As if more evidence was needed that the fleet card business is alive and well, segment leader FleetCor Technologies reported Thursday (Oct. 30) that its third-quarter revenues jumped 31 percent to $295.3 million and its net income grew 21 percent to $95.5 million.
“We are pleased with our results for the quarter. North America had very strong organic growth in the quarter and we continue to see the benefits of the acquisitions we closed last year,” said Fleet Cor CEO Ron Clarke. “During the third quarter, we entered Germany with the Shell deal, acquired Pac Pride, and signed definitive documents to acquire Comdata.”
CFO Eric Dey added: “The third quarter was another strong quarter for the Company.

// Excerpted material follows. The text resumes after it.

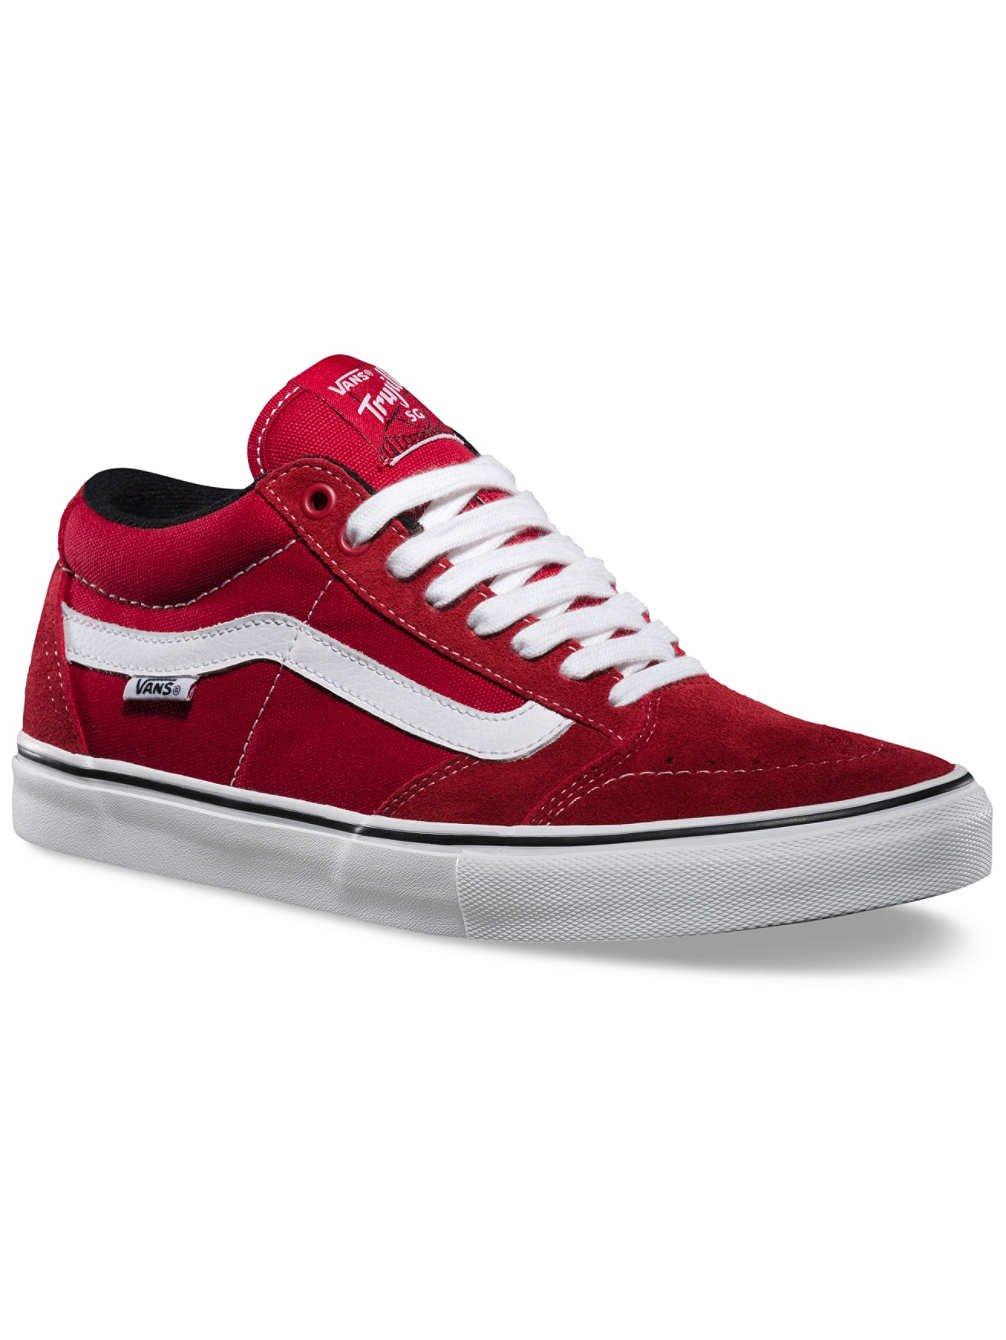 3b8d40532b Vans TNT SG Scarlet Red White Mens Sneakers (6.5 Mens) free shipping ...

While our business momentum remains strong, as we enter the fourth quarter, we are experiencing headwinds in foreign exchange rates that will impact our Q4 2014 revenue and net income, assuming exchange rates remain at current levels.”
In a call with analysts, Clarke said that the company is hoping to do well an anticipated higher fuel spread next year. But the worst situation, Clarke said, would be fuel prices that didn’t change much at all.
“Spreads come about due to volatility. The fuel prices have to move basically to create spreads going one way or the other. And so the worst situation for us would be low fuel prices just staying low, nothing happening,” the CEO said. “And what that would cause is we’d lose on the business models that are sensitive to absolute fuel price, and we’d probably run kind of what we call average market spreads, and so it’s the volatility price that seesawing up and down that create the spread opportunity.”